Furthermore, we have not found significant differences in those variables that determine the degree of risk of SCC. This may be fundamentally due to a lack of statistical power, and makes it necessary to carry out more studies like ours to find out the real effects of the pandemic on SCC.

In the aforementioned study carried out at our centre, significant differences were found in terms of thickness or tumour stage of melanomas.21 The fact that no such clear differences were found in patients with SCC in the risk variables may be due to a lower average growth rate of SCC compared to melanomas.13

With all these facts, a worse prognosis can be expected for patients with SCC diagnosed after general confinements caused by the pandemic.

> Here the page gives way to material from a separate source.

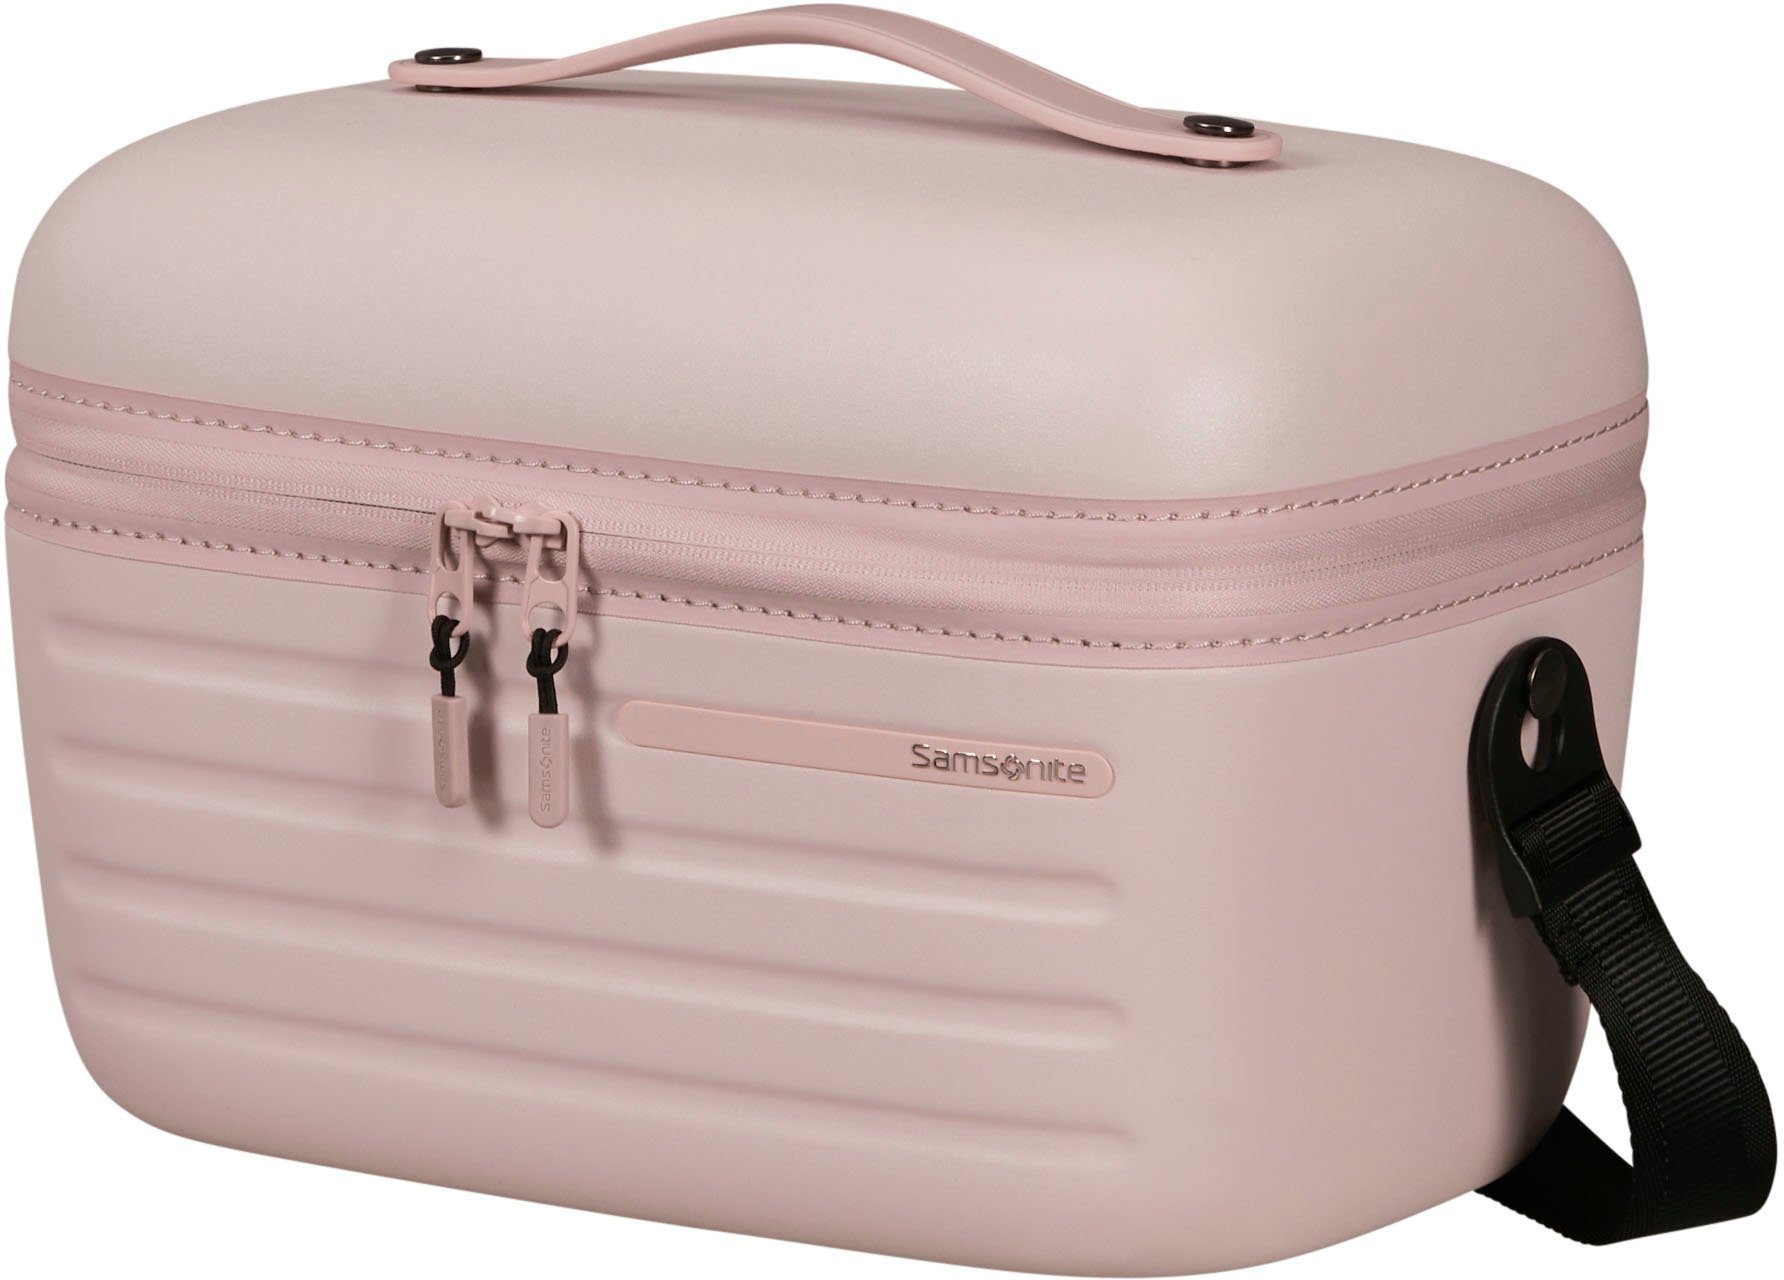 Samsonite Beautycase Kosmetikkoffer STACKD, Kosmetiktasche Reisekosmetiktasche Beauty-Bag geräumig und praktisch

The main strength of our study is that we have described the effects of the pandemic on SCC up to one year after the declaration of general lockdown. Nevertheless, we are aware that the study is subject to several limitations. Firstly, being a single-centre study, the sample is limited and this could make it difficult to achieve statistical significance in some of the variables studied. On the other hand, as it is a retrospective study, it is possible that there is information not collected on the patients seen during both periods. Furthermore, given that this is a cross-sectional study, it is difficult to establish causal associations. Still, it is a good starting point for future prospective studies with longer follow-up times.


We observed no significant differences in the number of SCC surgeries after lockdown compared to the same period before lockdown. Nevertheless, we did find a significant increase in the number of high-risk SCC after the pandemic. Delayed diagnosis and treatment of SCC during lockdown may have led to an increase in the number of high-risk lesions afterwards. However, further studies are needed to understand the true effects of the pandemic on skin cancer.

Conflict of interests

The authors declare that they have no conflict of interest.


This paper is part of the PhD project of Pablo Díaz-Calvillo.